Critics say Berlusconi’s issues go far beyond frivolity and gaffes, such as ignoring a greeting from German Chancellor Angela Merkel at a recent North Atlantic Treaty Organization summit while he chatted away on a cellphone. His vast wealth and control of media, real estate and sports empires have made him dangerously powerful, weakening institutions and enabling him to survive major corruption scandals, opponents say.

In February, a Milan court convicted a British lawyer of bribery for accepting a $600,000 kickback in 1997 for concealing the details of offshore companies allegedly held by Berlusconi. The prime minister maintains his innocence and cannot be prosecuted as a result of that verdict thanks to a law granting him immunity that the legislature his coalition dominates passed last year.
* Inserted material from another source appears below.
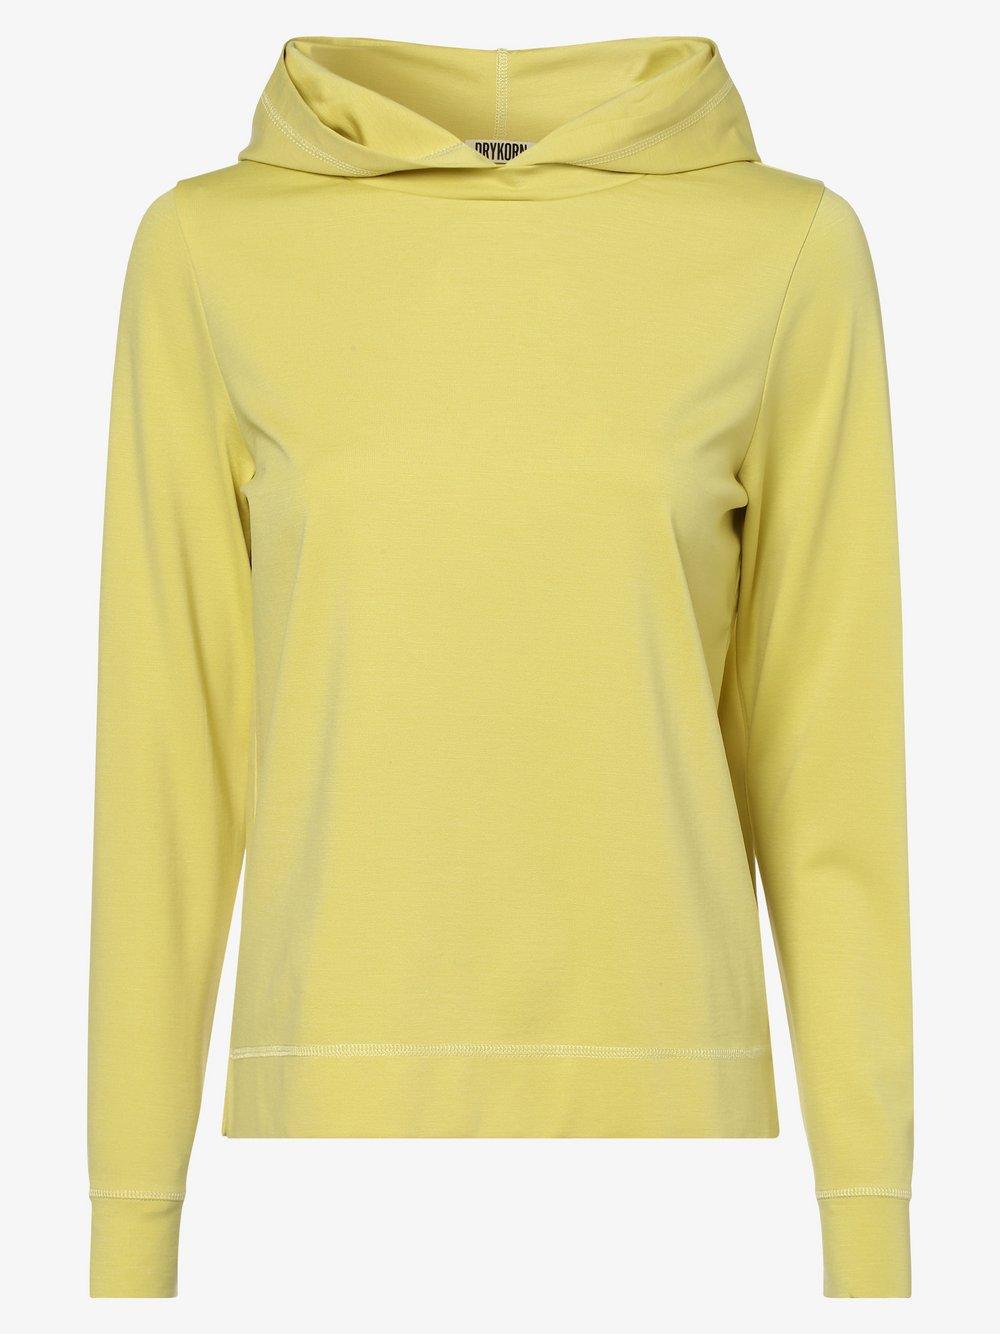 Drykorn - Damska bluza nierozpinana – Papilia, żółty
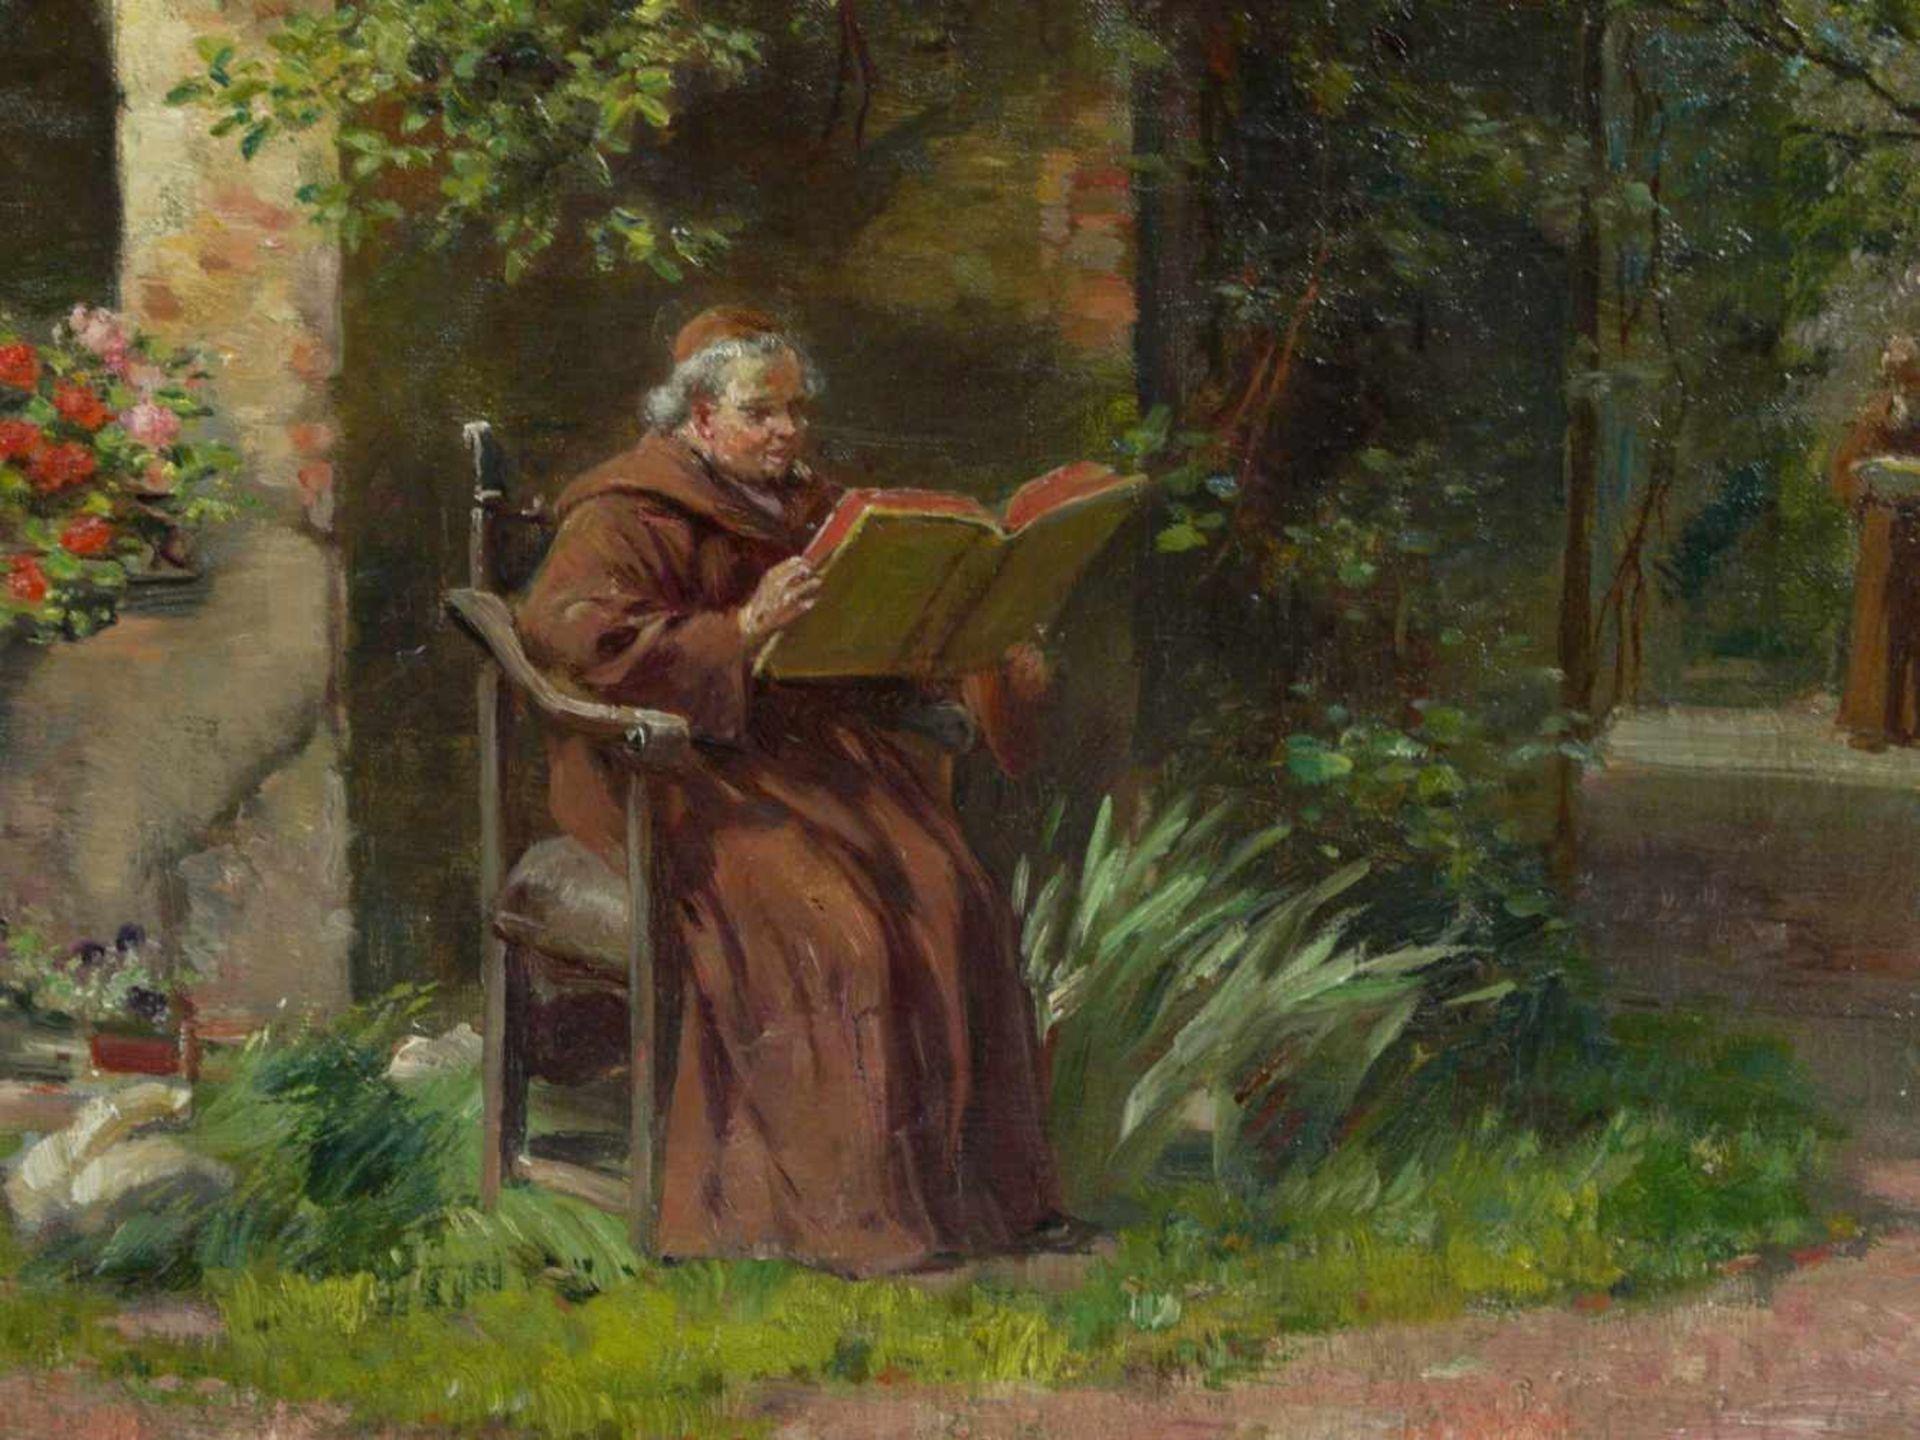 Schultheis, C. (20.Jhd.) - Ruhe im KlostergartenGefällige Darstellung mit der Ansicht eines - Bild 6 aus 6

More recent legislative proposals include eliminating the use of wiretaps in corruption cases and expanding the powers of the prime minister.

The leader of the political opposition, Dario Franceschini, warned in an interview Monday that Berlusconi aspires to power comparable to authoritarian strongmen in the developing world.

“I would like to sound an alarm bell,” Franceschini told Corriere della Sera. “We are well beyond conflicts of interest and control of television. . . . Berlusconi wants to take everything over. . . . Berlusconi’s models are the former Soviet republics of Central Asia, from Turkmenistan to Uzbekistan -- countries in which the personal power of the leader interweaves with the power of the state and economic powers.”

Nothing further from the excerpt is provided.